Starwhale is an MLOps platform. It provides **Instance**, **Project**, **Runtime**, **Model**, and **Dataset**.

- **Instance**: Each installation of Starwhale is called an instance.
  - 👻 **Standalone Instance**: The simplest form that requires only the Starwhale Client(`swcli`). `swcli` is written by pure python3.
  - 🎍 **On-Premises Instance**: Cloud form, we call it **private cloud instance**. Kubernetes and BareMetal both meet the basic environmental requirements.
  - ☁️ **Cloud Hosted Instance**: Cloud form, we call it **public cloud instance**. Starwhale team maintains the web service.

  **Starwhale tries to keep concepts consistent across different types of instances.
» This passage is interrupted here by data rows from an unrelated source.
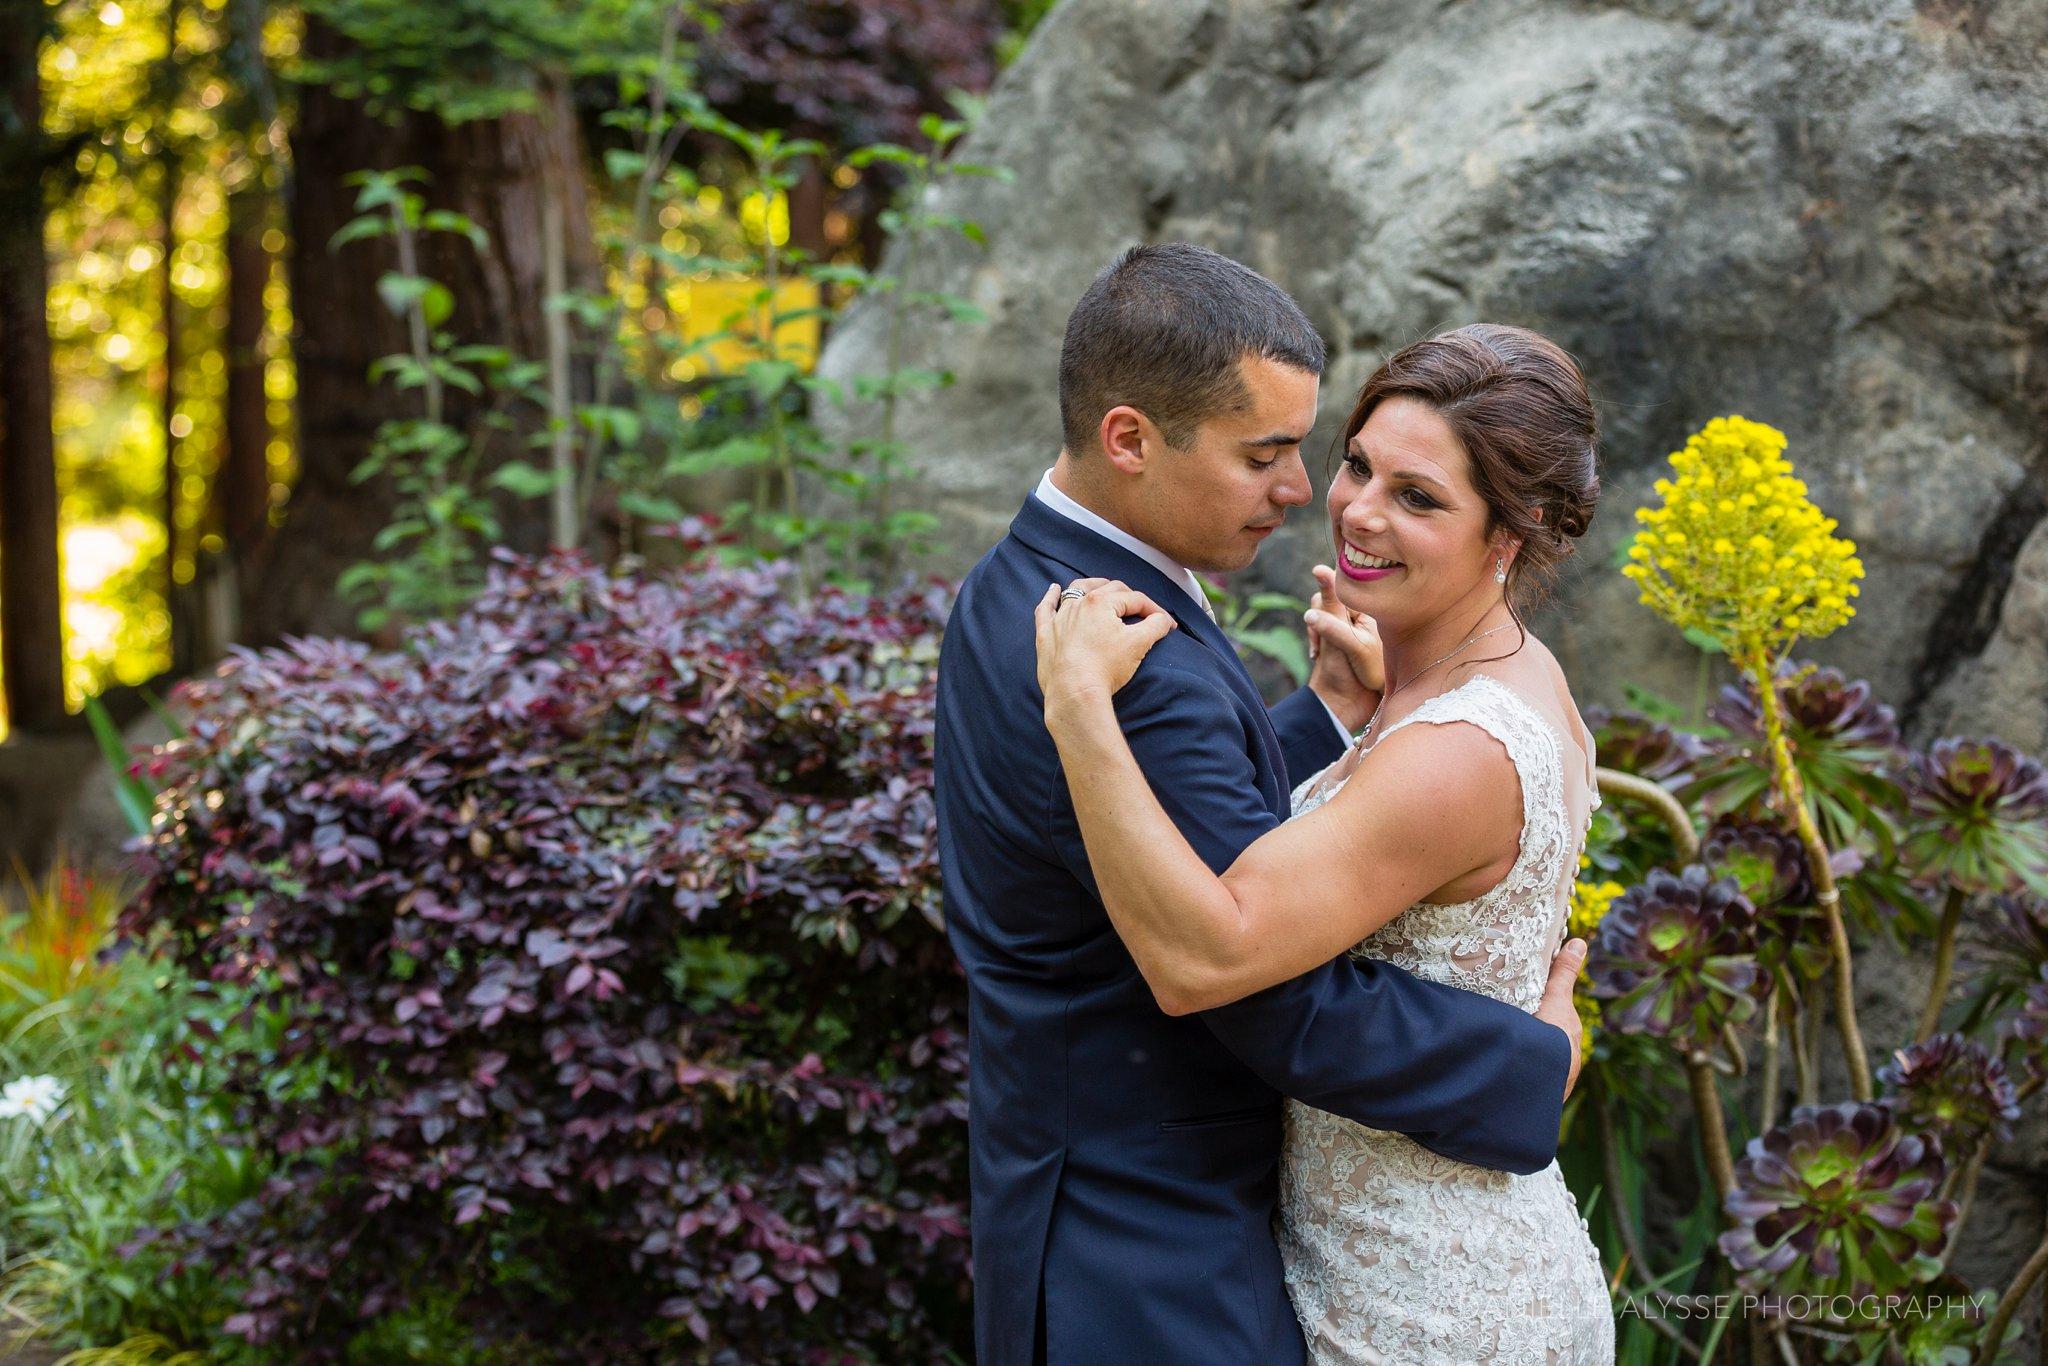 170429_blog_kimberly_ben_wedding_san_mateo_curiodyssey_danielle_alysse_photography_sacramento_photographer0408_WEB.jpg
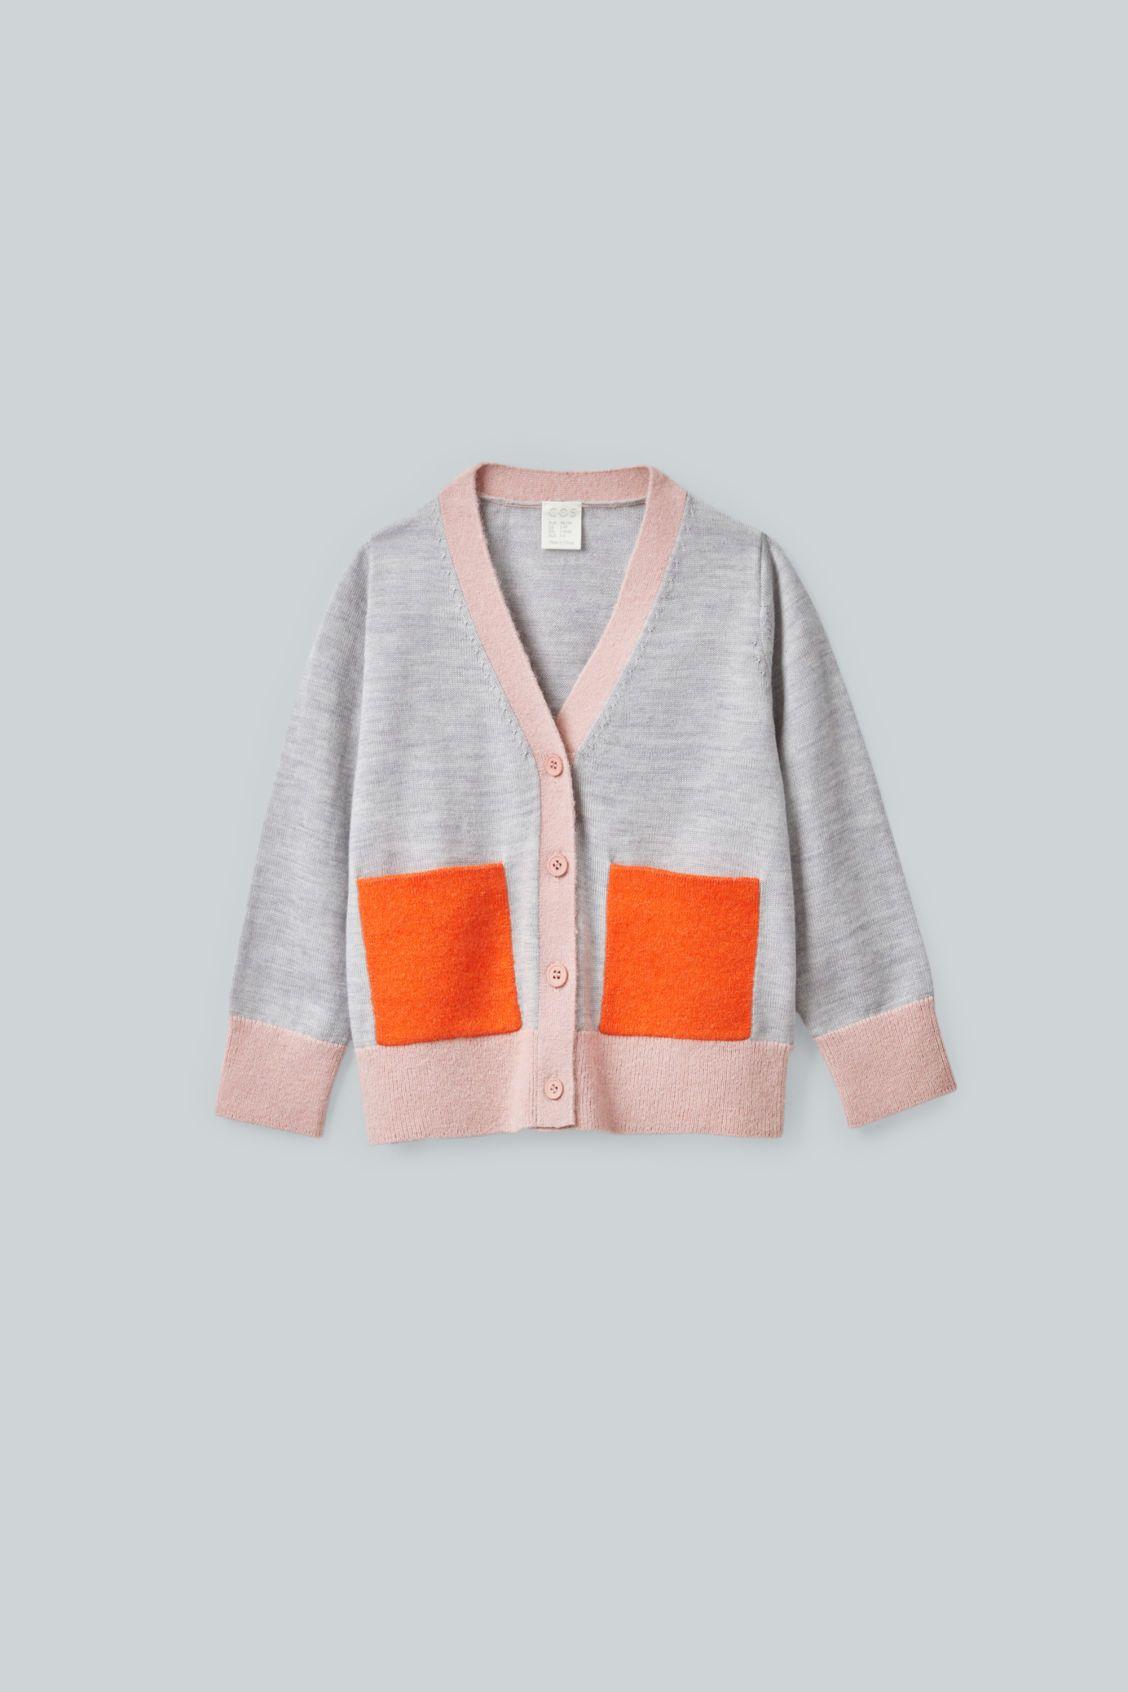 Cos Kids' Colour block Merino Cardigan In Grey | ModeSens
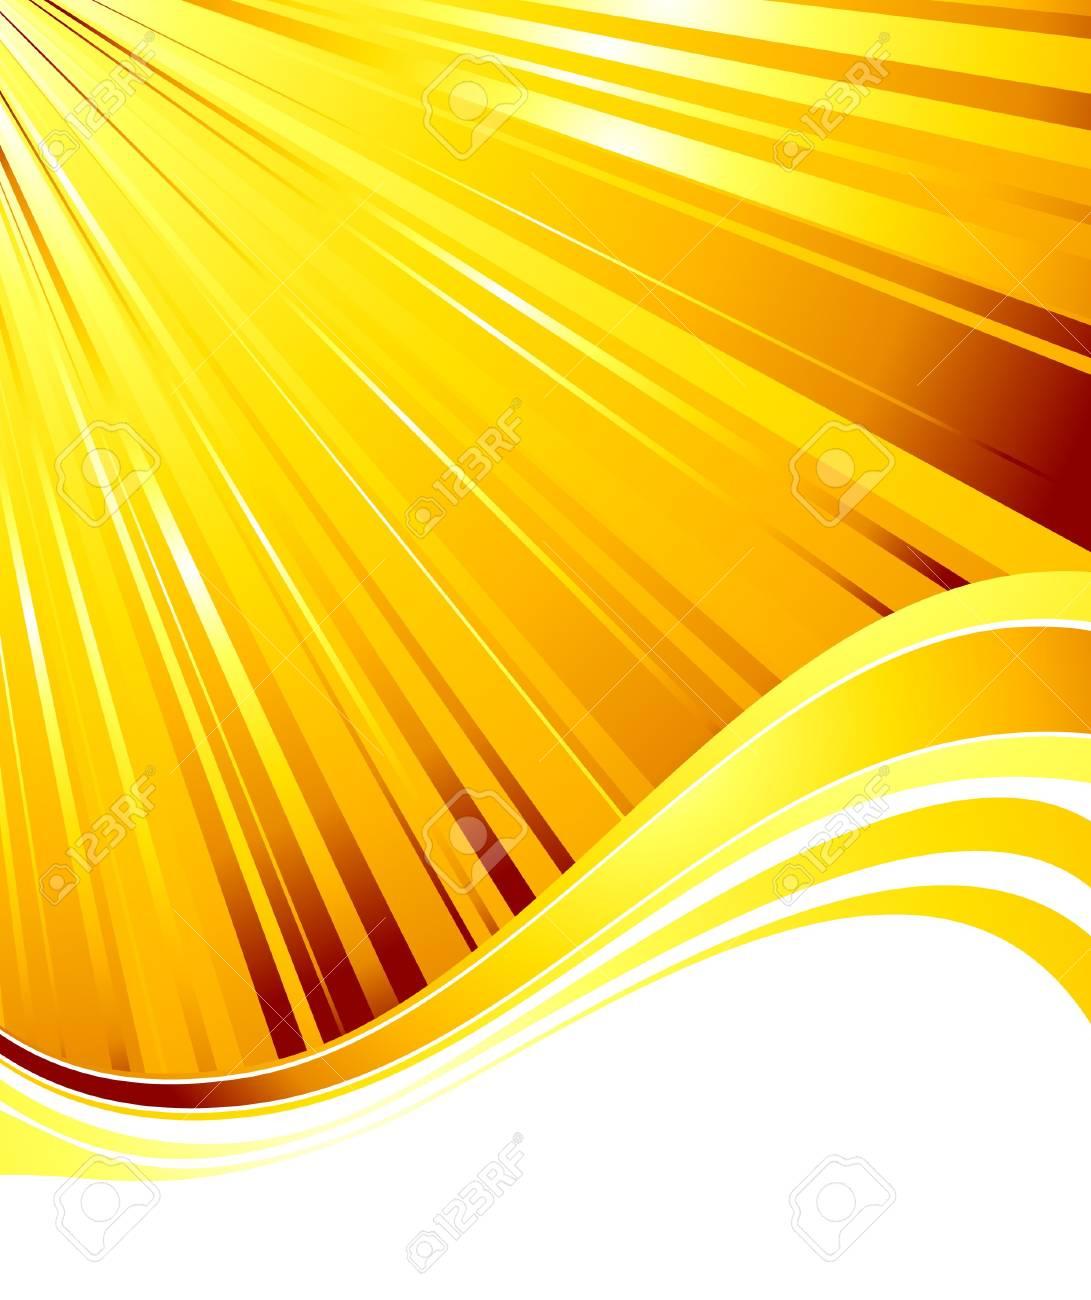 Sunburst abstract summer card.  illustration Stock Vector - 7240857
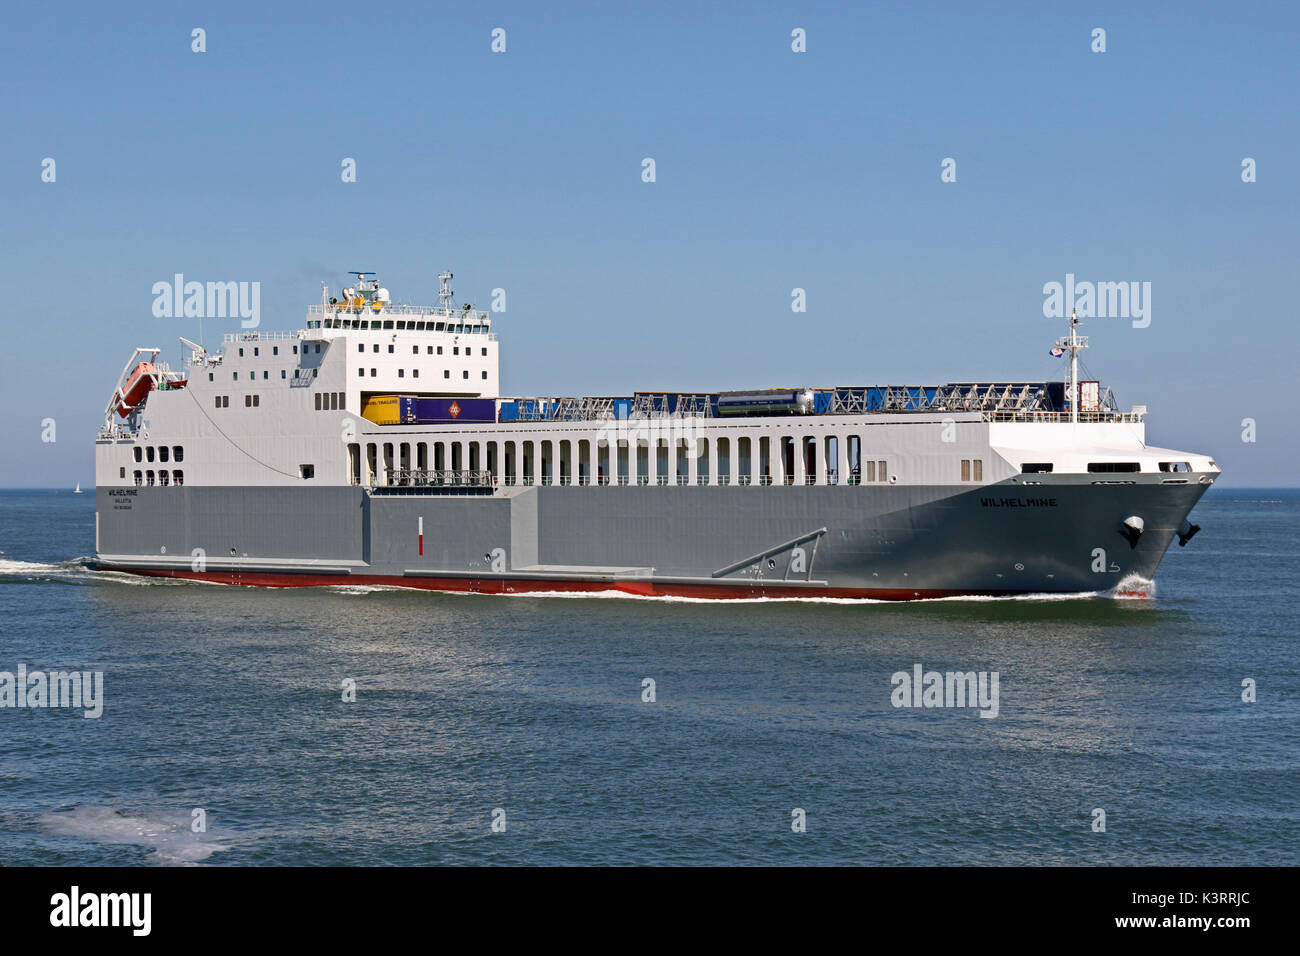 The Ro-Ro ship Wilhelmine enters the port of Rotterdam. - Stock Image
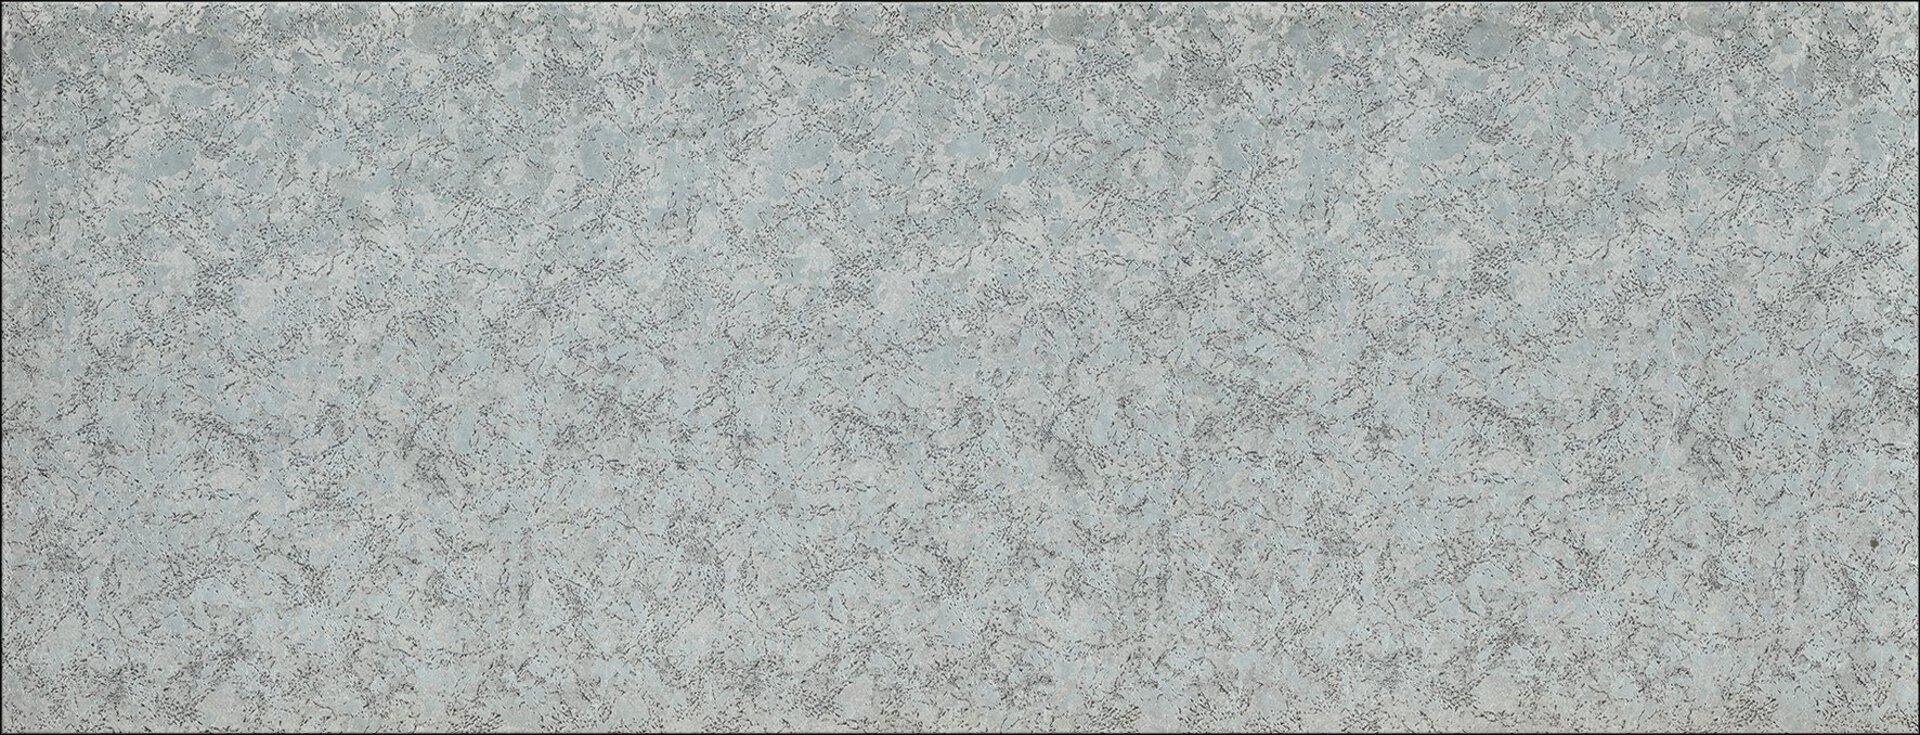 Bild Silber Pro-Art Glas 80 x 30 x 1 cm

In this way, people can easily exchange data and migrate between them.**

- **Project**: The basic unit for organizing different resources.

- **ML Basic Elements**: The Machine Learning/Deep Learning running environments or artifacts. Starwhale empowers the ML/DL essential elements with packaging, versioning, reproducibility, and shareability.
  - 🐌 **Runtime**: Software dependencies description to "run" a model, which includes python libraries, native libraries, native binaries, etc.
  - 🐇 **Model**: The standard model format used in model delivery.
  - 🐫 **Dataset**: A unified description of how the data and labels are stored and organized. Starwhale datasets can be loaded efficiently.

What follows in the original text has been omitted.